**WORK TO BE COMPLETED**
Emit the data below verbatim, stripping out any pictures.

**INFORMATION SUPPLIED**
»»
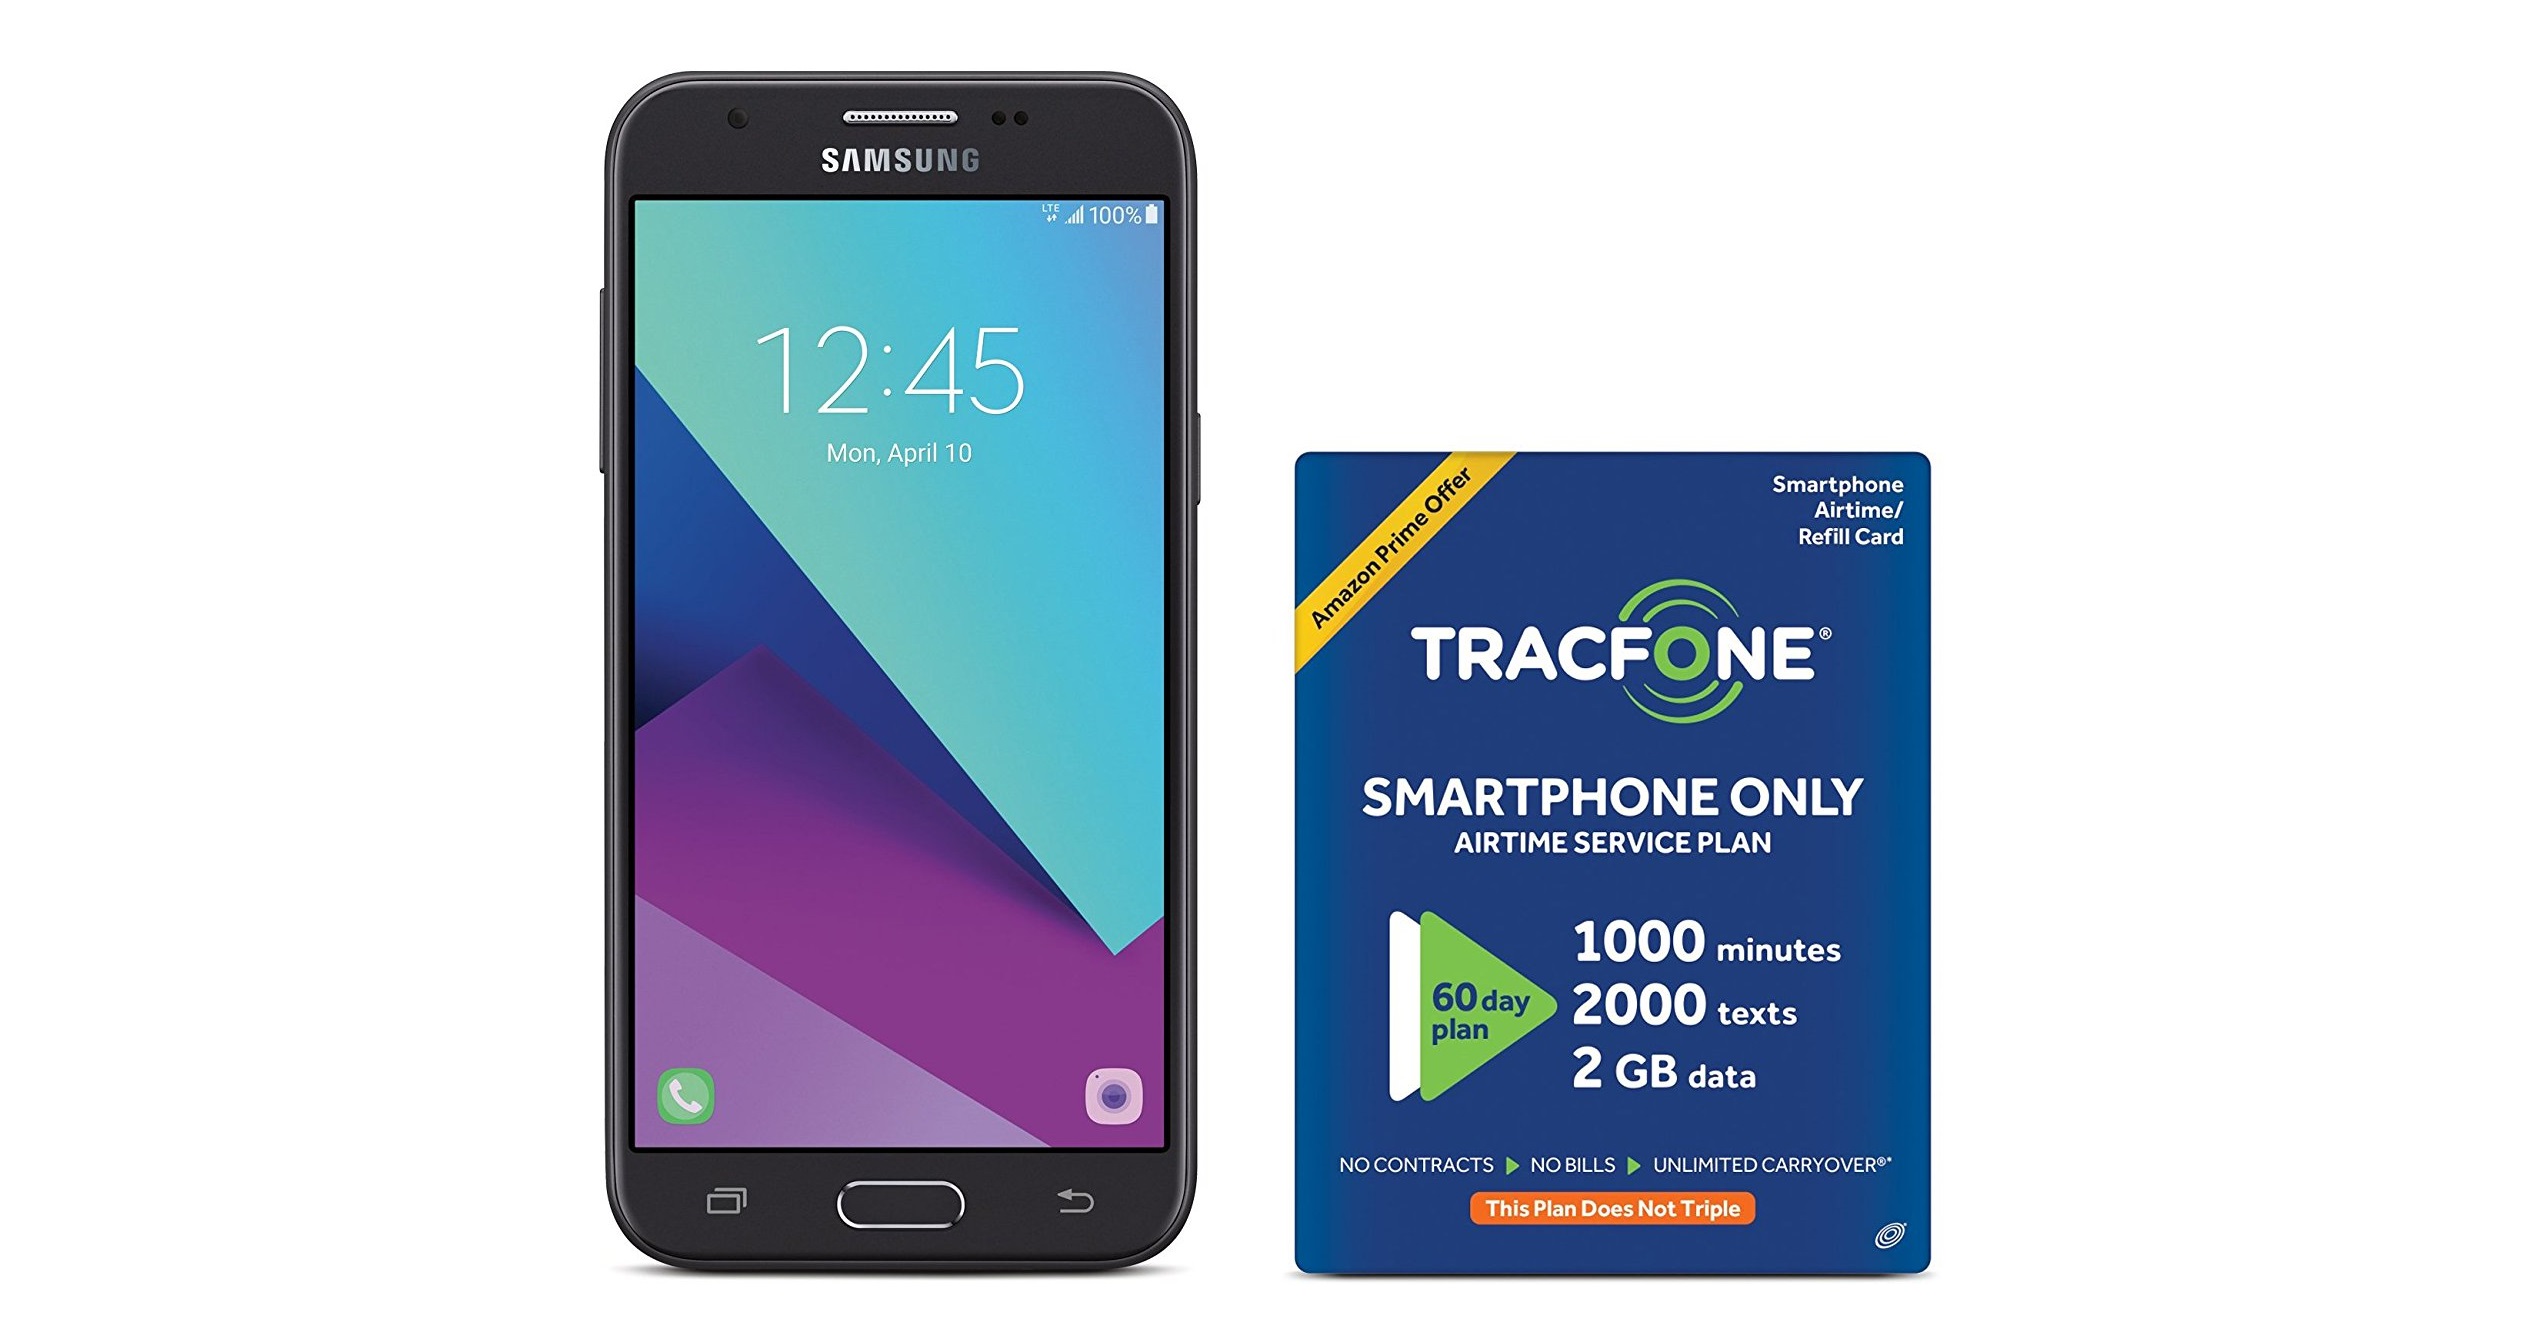 TracFone Samsung Galaxy J3 Luna Pro 4G LTE Prepaid Smartphone with Amazon Exclusive Free $40 Airtime Bundle
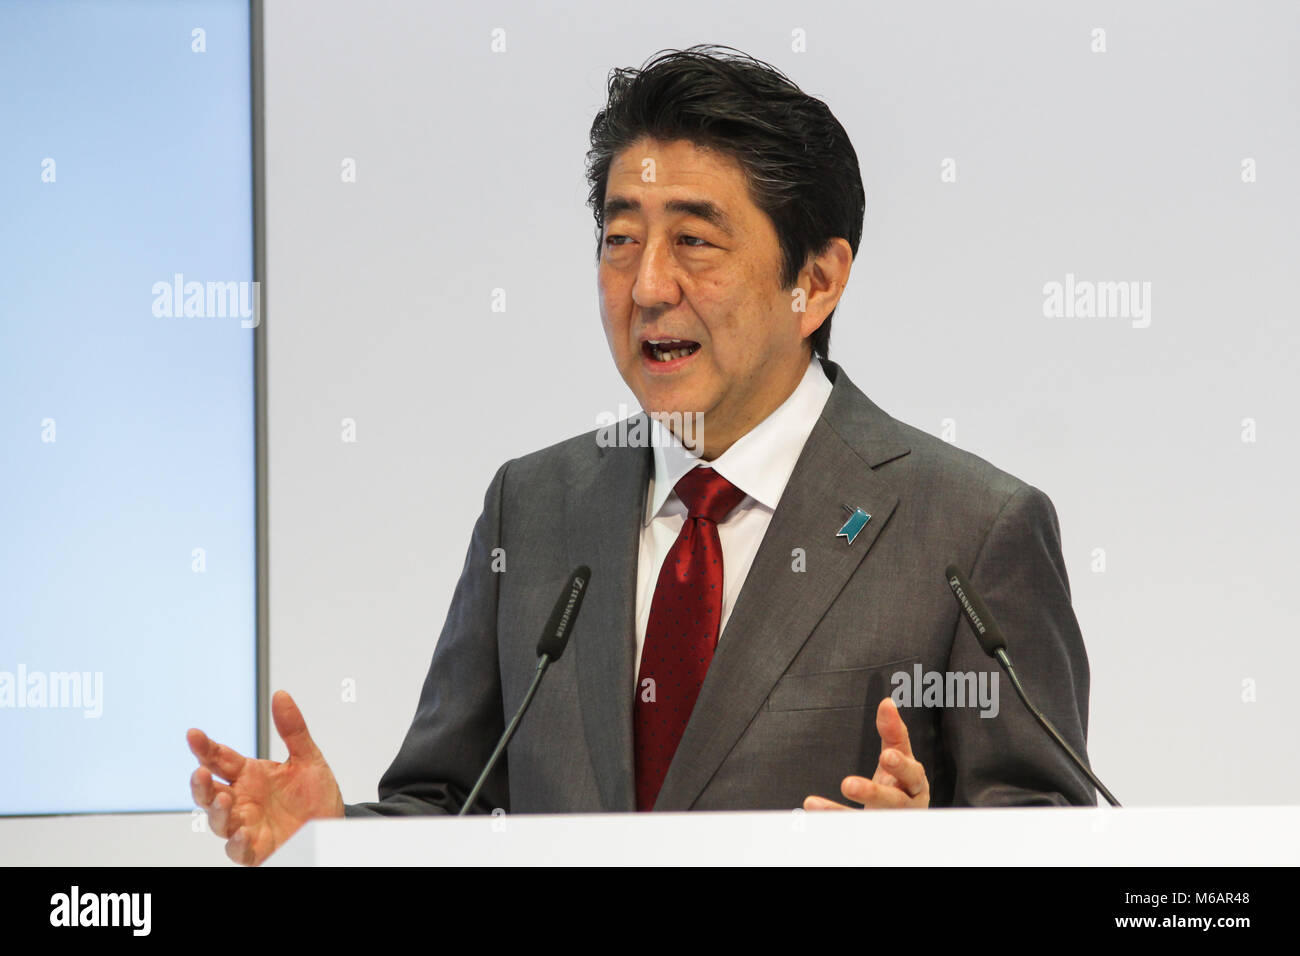 Hanover, Germany. 20th March, 2017. CeBIT 2017, ICT trade fair: Shinzo Abe, Prime Minister of Japan, speaks at opening walk at booth of CeBIT 2017-partner country Japan. Credit: Christian Lademann Stock Photo
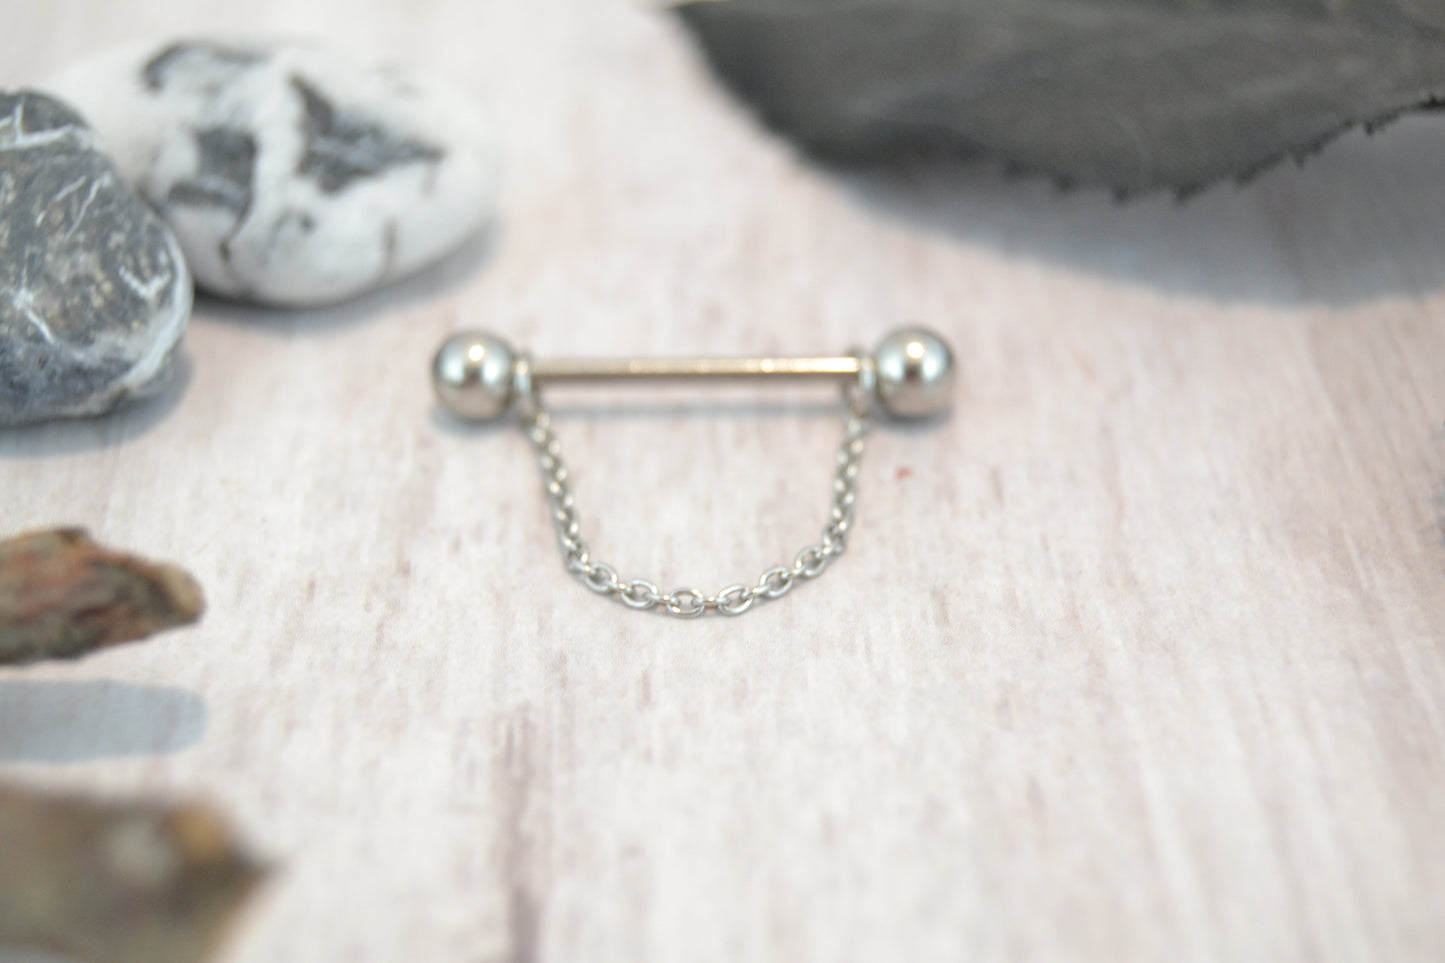 Chain 316L Stainless Steel Thin Cable Nipple Ring - 1 pc
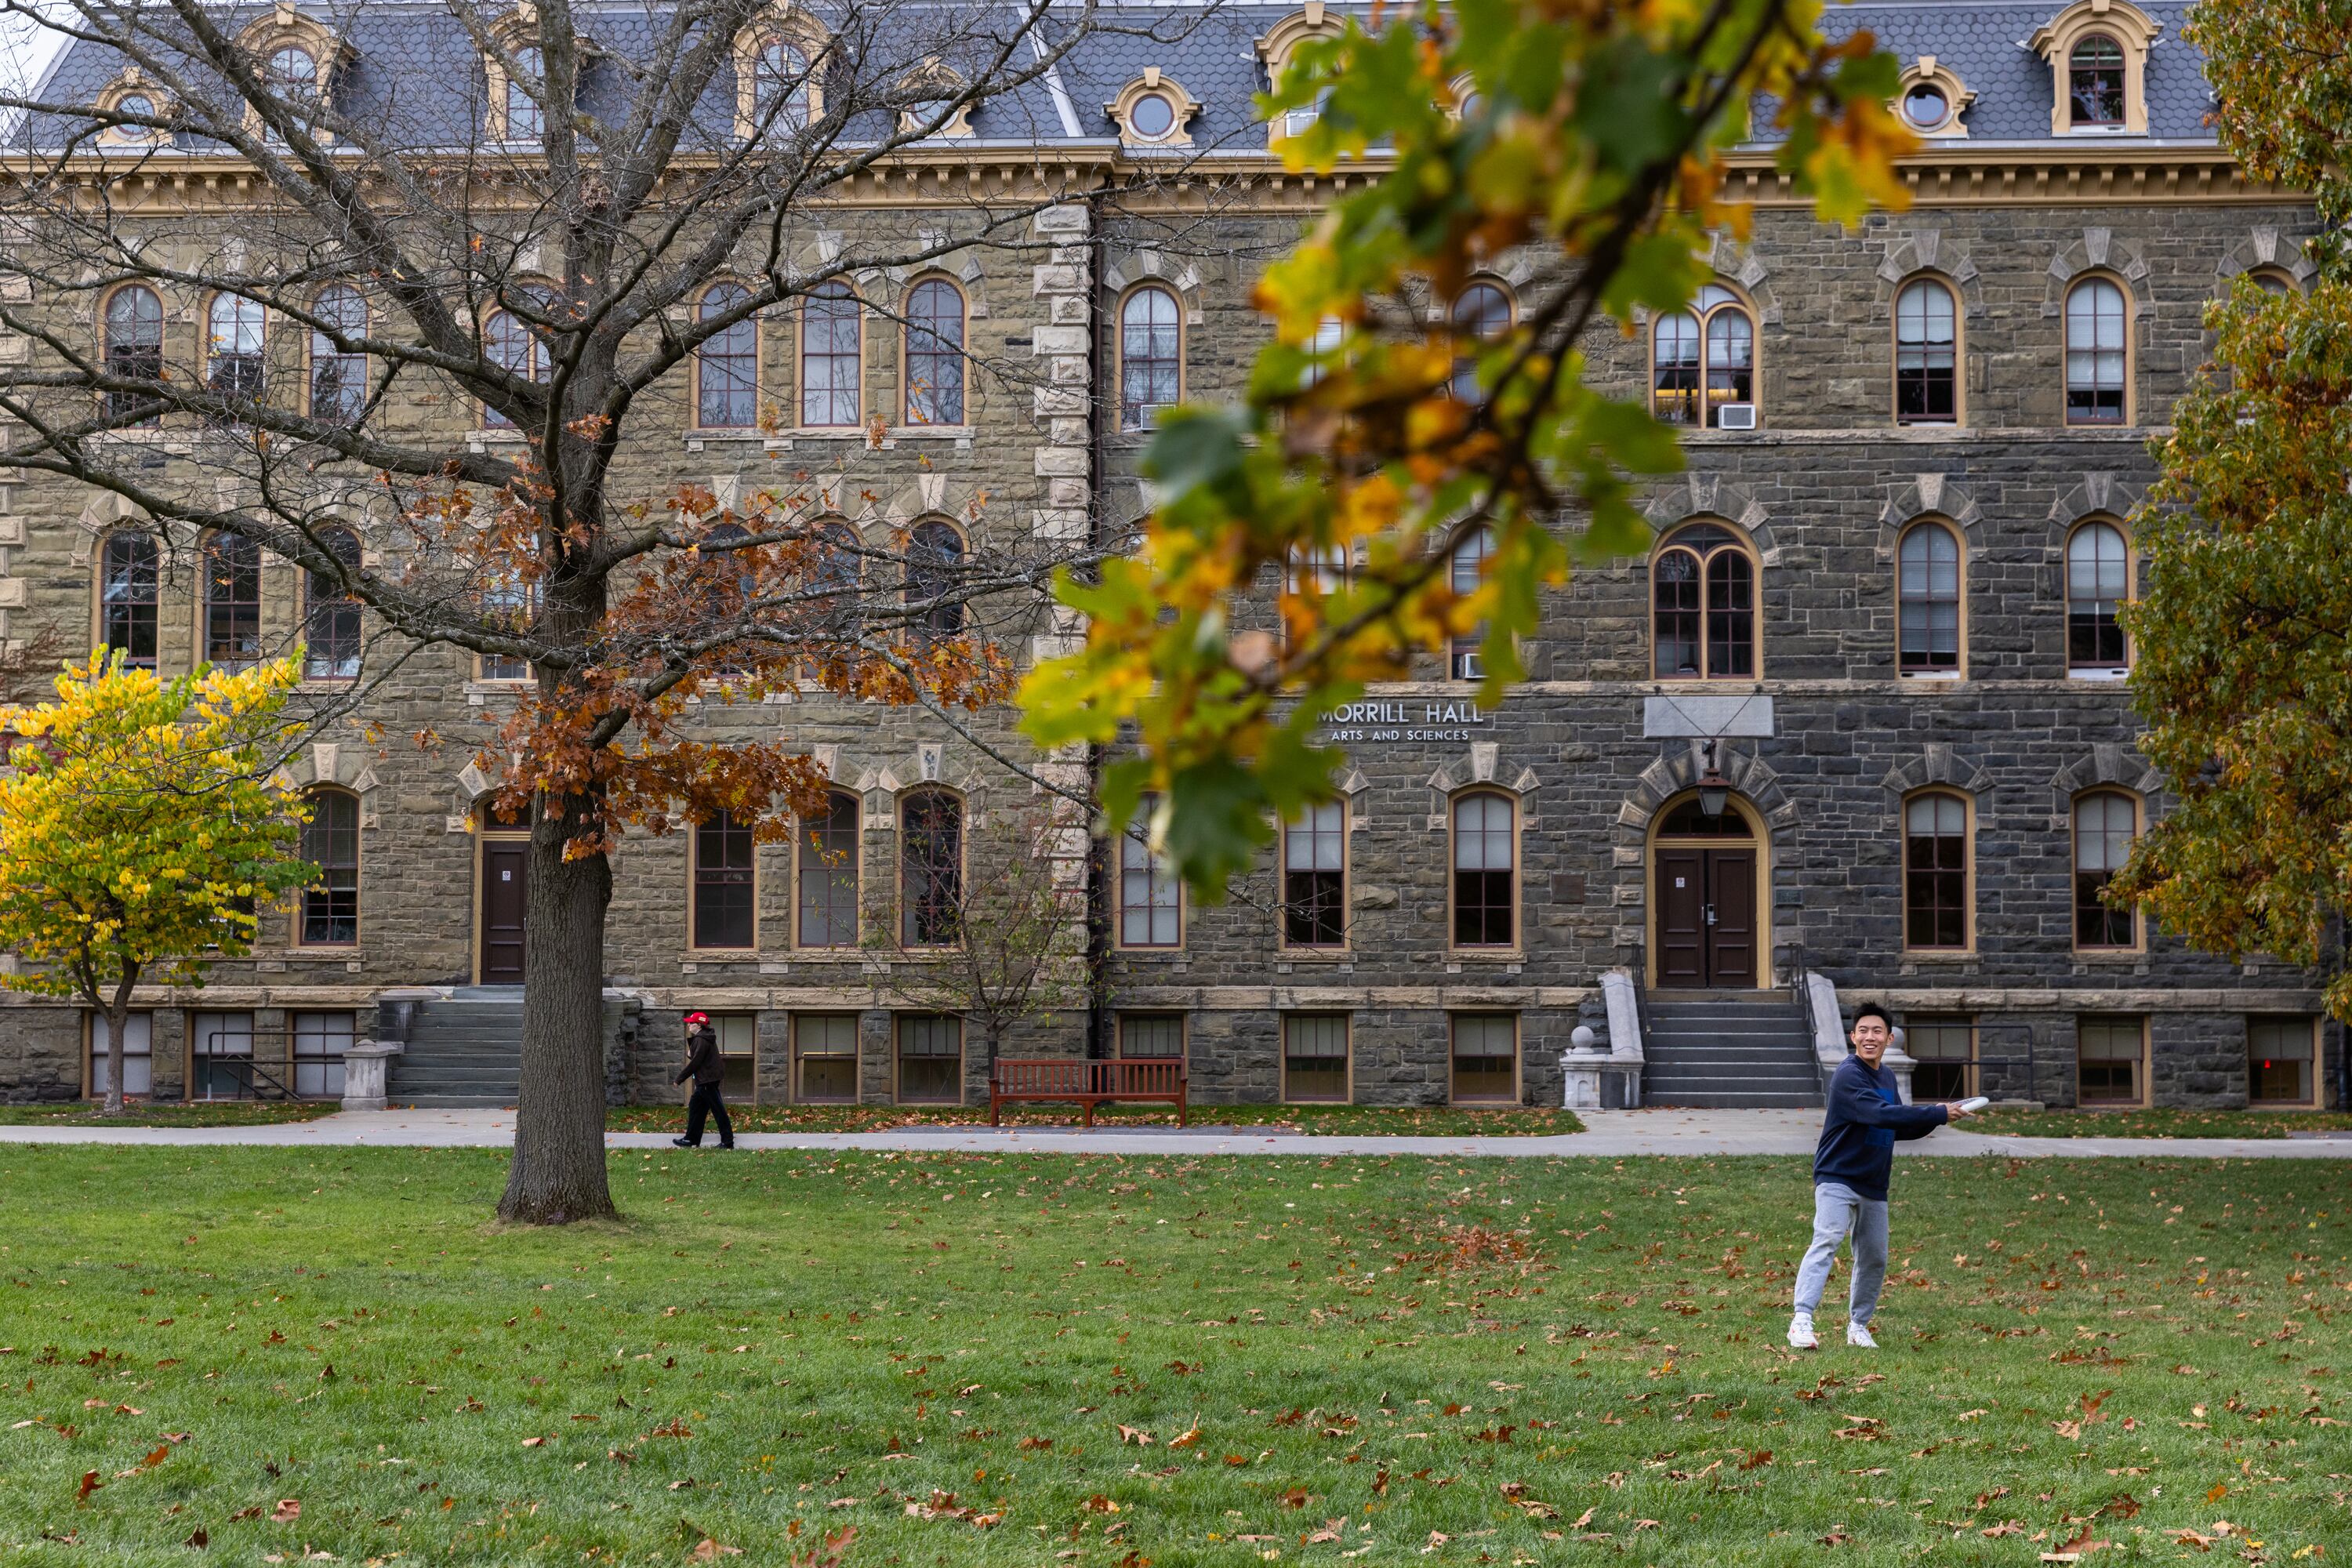 A student prepares to throw a frisbee while standing on a large green area in front of a large stone university building.
««
**ANSWER**
 TracFone Samsung Galaxy J3 Luna Pro 4G LTE Prepaid Smartphone with Amazon Exclusive Free $40 Airtime Bundle
 Hanover, Germany. 20th March, 2017. CeBIT 2017, ICT trade fair: Shinzo Abe, Prime Minister of Japan, speaks at opening walk at booth of CeBIT 2017-partner country Japan. Credit: Christian Lademann Stock Photo
 Chain 316L Stainless Steel Thin Cable Nipple Ring - 1 pc
 A student prepares to throw a frisbee while standing on a large green area in front of a large stone university building.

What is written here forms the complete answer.